The throat velocity must typically range between 60 m/s to 120 m/s (200–400 ft/s) for effective atomization.

When a hot gas enters, water evaporates. If you don't account for this, you'll run dry.

Heat to remove: $$Q_sensible = m_g \times C_p,g \times (T_in - T_out)$$

Water evaporated: $$m_evap (kg/h) = \fracQ_sensible2257 , kJ/kg$$

Excel check: Add a cell that calculates Evaporation % of recirc flow. If > 3-5%, you need blowdown or a bigger pump.

Create these mandatory input cells:

The gas will cool to the adiabatic saturation temperature (typically 40°C to 70°C depending on water temperature). Equation: m_gas * Cp_gas * (T_in - T_out) = m_water * λ Where λ is the latent heat of vaporization of water.

If you want, I can also provide the Excel formulas (e.g., for adiabatic saturation, pressure drop, or d50) so you can implement them directly into cells. Just let me know which module you'd like to start with.

Scrubber Design Calculation using Excel

A scrubber is a type of air pollution control device that uses a liquid to remove contaminants and pollutants from gas streams. Designing a scrubber requires careful calculation of various parameters to ensure effective performance. Here's a step-by-step guide on how to perform scrubber design calculations using Excel:

Step 1: Define Design Parameters

Step 2: Calculate Scrubber Diameter

The scrubber diameter (D) can be calculated using the following formula:

D = √(4 * Qg / (π * Vg))

where Vg is the gas velocity (m/s or ft/s)

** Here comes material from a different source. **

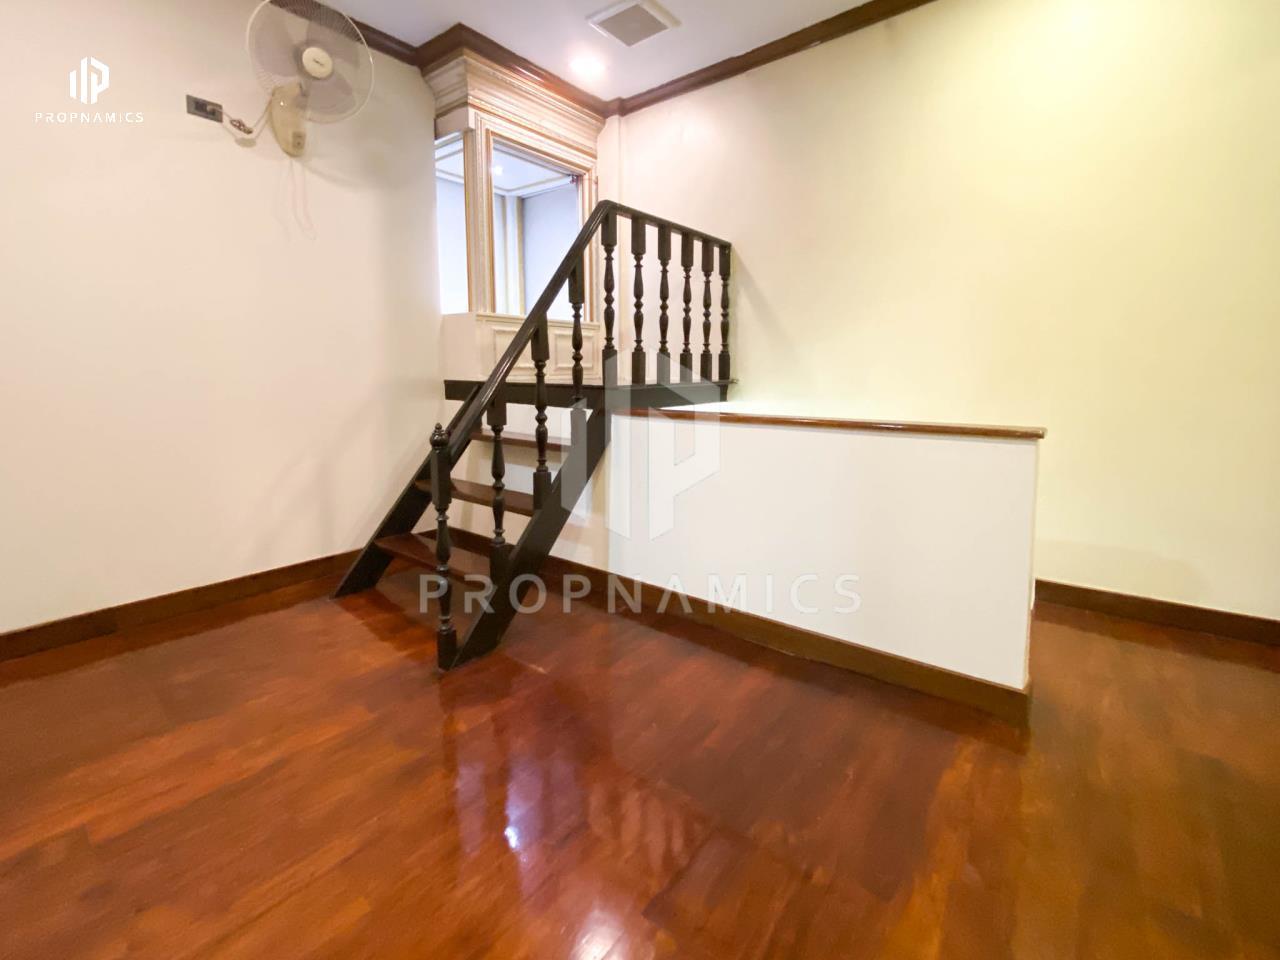 Propnamics Co., Ltd Agency's FOR RENT: SINGLE HOUSE IN SUKHUMVIT 26 18

Assuming a typical gas velocity of 3-5 m/s, let's use 4 m/s for this example.

| | | | --- | --- | | Qg (m³/s) | 1 | | Vg (m/s) | 4 | | D (m) | =SQRT(4*1/(PI()*4)) | =0.89 m |

Step 3: Calculate Scrubber Height

The scrubber height (H) can be calculated using the following formula:

H = (L/D) * D

where L/D is the aspect ratio (typically 3-5)

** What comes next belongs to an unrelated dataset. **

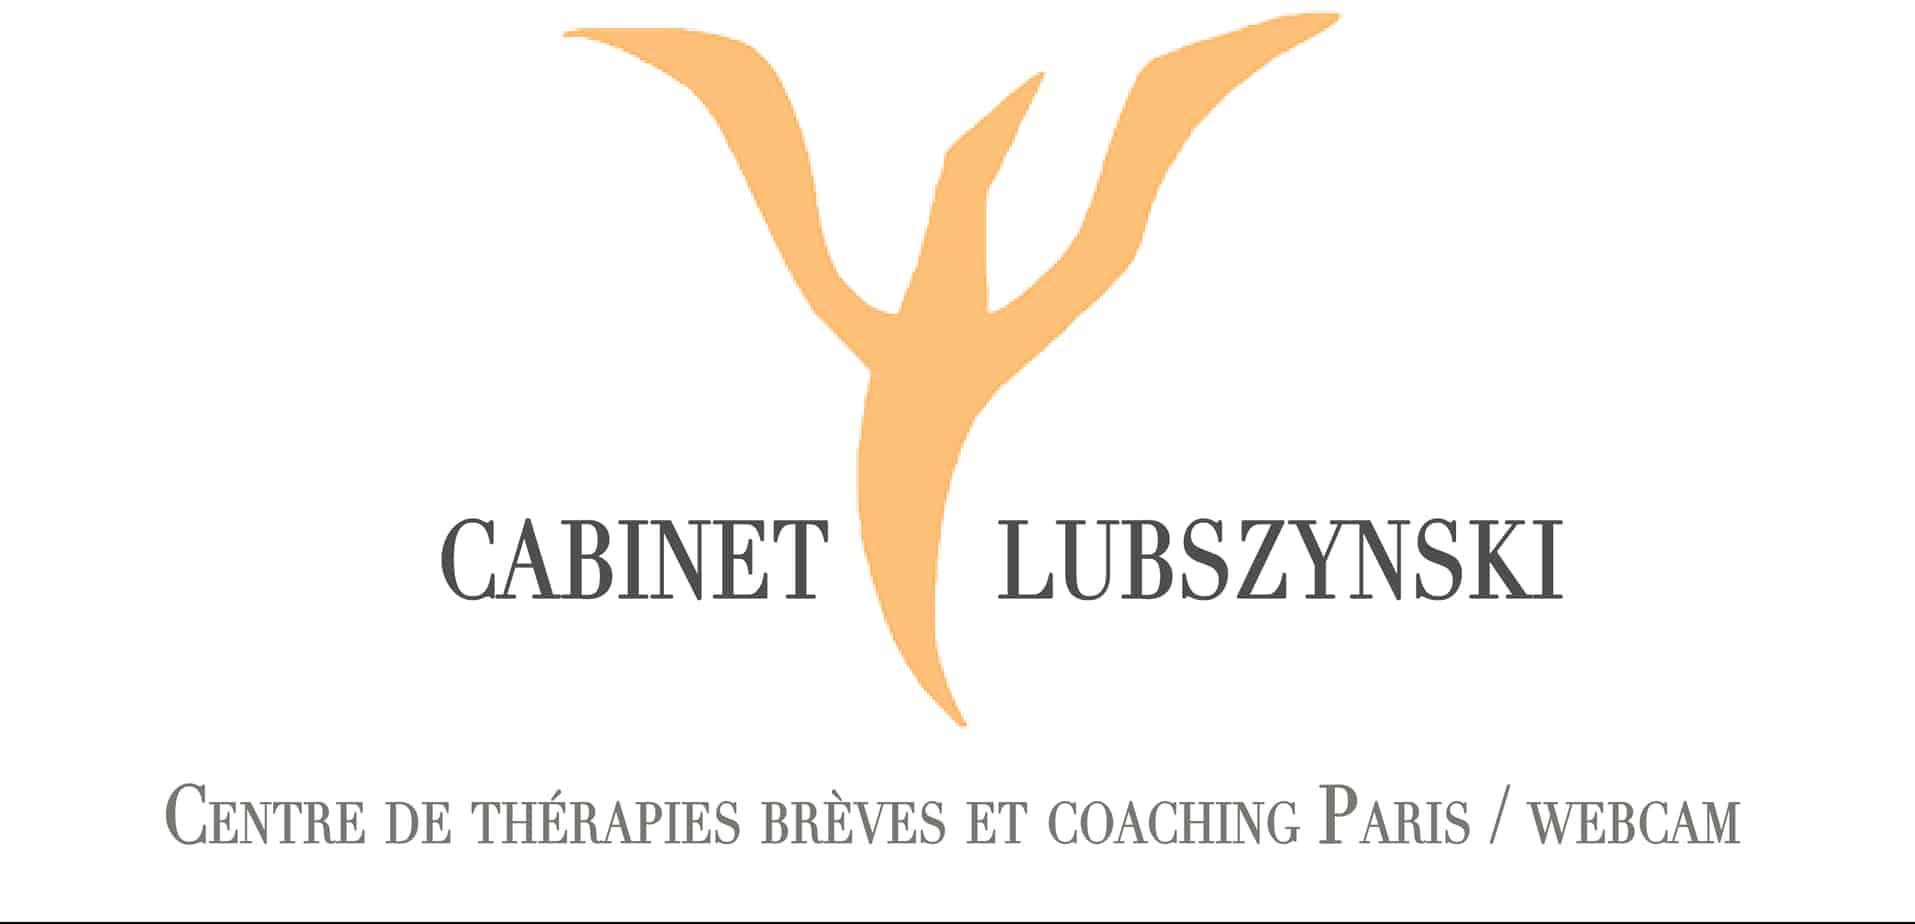 Cabinet Lubszynski

Assuming an aspect ratio of 4, let's use L/D = 4 for this example.

| | | | --- | --- | | L/D | 4 | | D (m) | 0.89 | | H (m) | =4*0.89 | =3.56 m |

Step 4: Calculate Liquid-to-Gas Ratio (L/G)

The liquid-to-gas ratio (L/G) is a critical parameter in scrubber design. A higher L/G ratio typically results in better contaminant removal, but also increases the energy consumption.

L/G = Ql / Qg

| | | | --- | --- | | Ql (m³/s) | 0.01 | | Qg (m³/s) | 1 | | L/G | =0.01/1 | =0.01 |

Step 5: Calculate Contaminant Removal Efficiency

The contaminant removal efficiency (η) can be calculated using the following formula:

η = (C_in - C_out) / C_in

where C_in is the inlet contaminant concentration and C_out is the outlet contaminant concentration.

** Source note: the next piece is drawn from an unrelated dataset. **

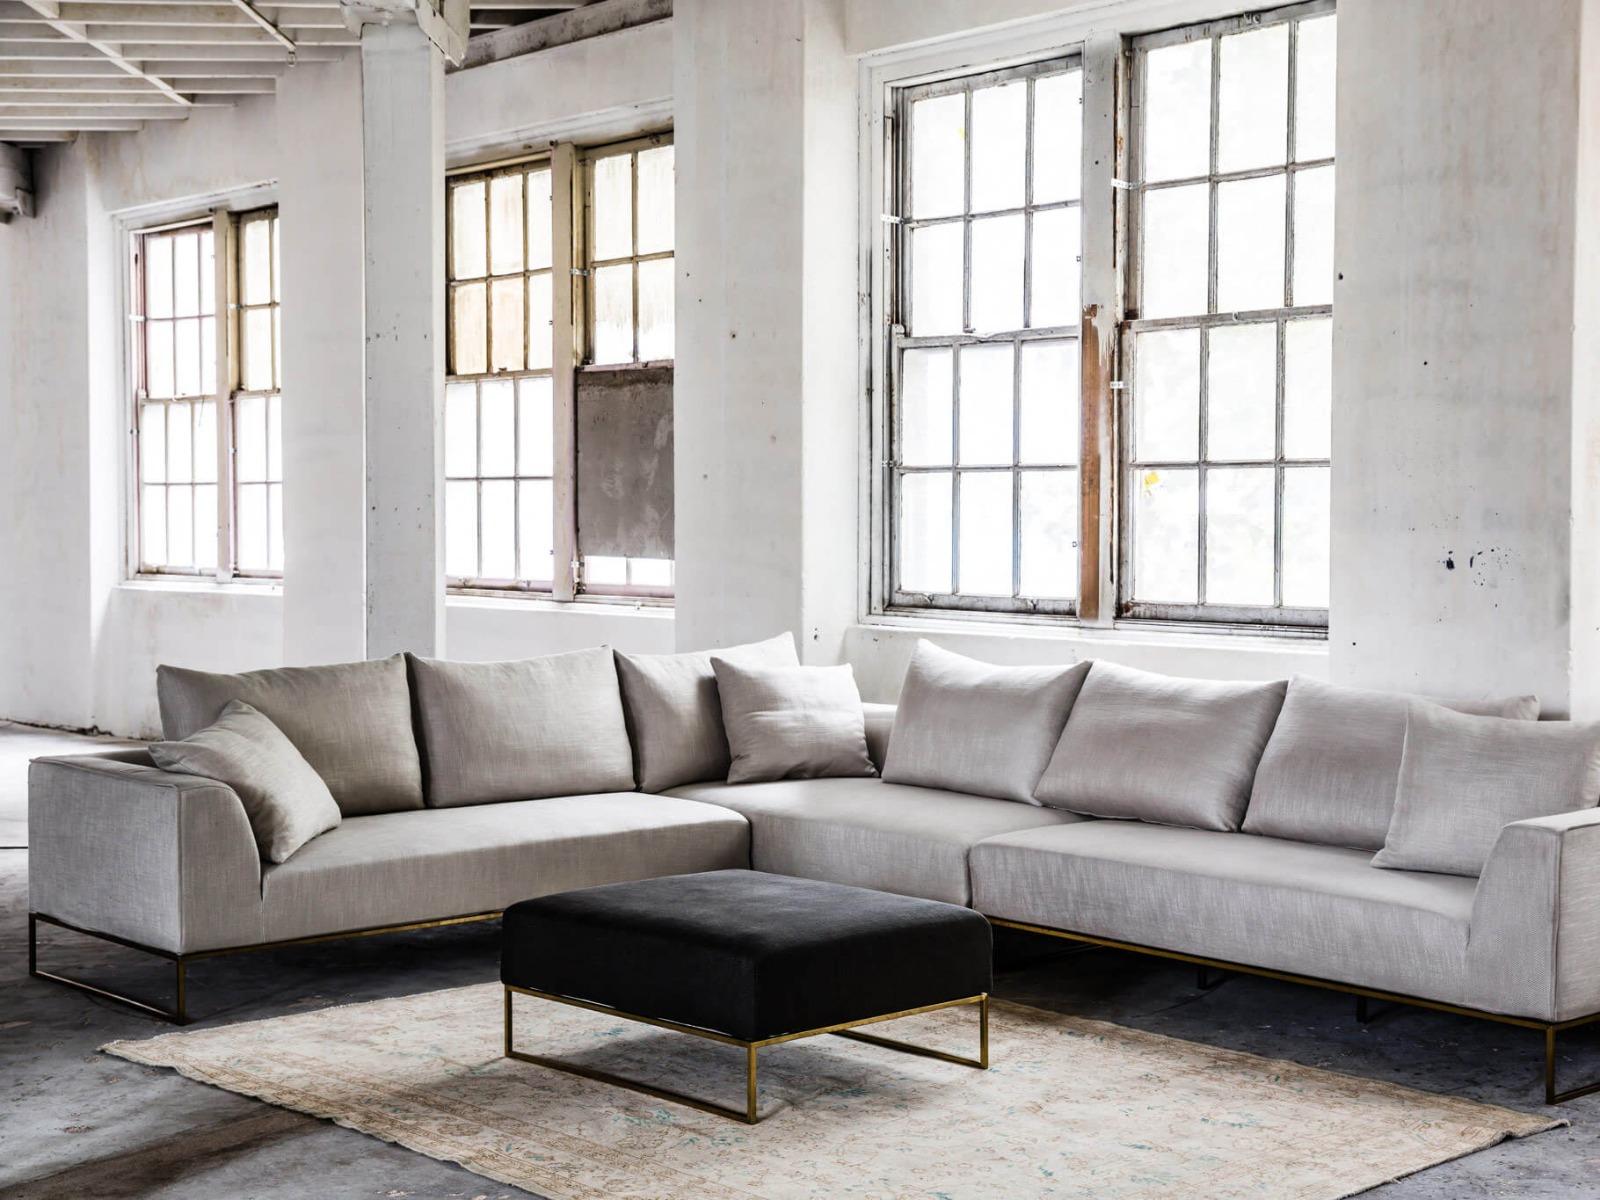 sofa trade in

Assuming a target removal efficiency of 90%, let's use η = 0.9 for this example.

| | | | --- | --- | | C_in (ppm) | 100 | | η | 0.9 | | C_out (ppm) | =(1-0.9)*100 | =10 ppm |

Excel Template

Here's an example Excel template that you can use to perform scrubber design calculations:

| Parameter | Value | Unit | | --- | --- | --- | | Gas flow rate (Qg) | | m³/s | | Gas temperature (Tg) | | °C | | Gas pressure (Pg) | | Pa | | Liquid flow rate (Ql) | | m³/s | | Liquid temperature (Tl) | | °C | | Contaminant concentration (C) | | ppm | | Scrubber diameter (D) | | m | | Scrubber height (H) | | m | | Liquid-to-gas ratio (L/G) | | - | | Contaminant removal efficiency (η) | | - |

You can download a sample Excel template from [insert link].

Conclusion

Scrubber design calculations involve several steps, including defining design parameters, calculating scrubber diameter and height, determining liquid-to-gas ratio, and estimating contaminant removal efficiency. By using Excel templates, you can simplify these calculations and optimize your scrubber design. Remember to validate your results with experimental data or simulation models to ensure accurate performance.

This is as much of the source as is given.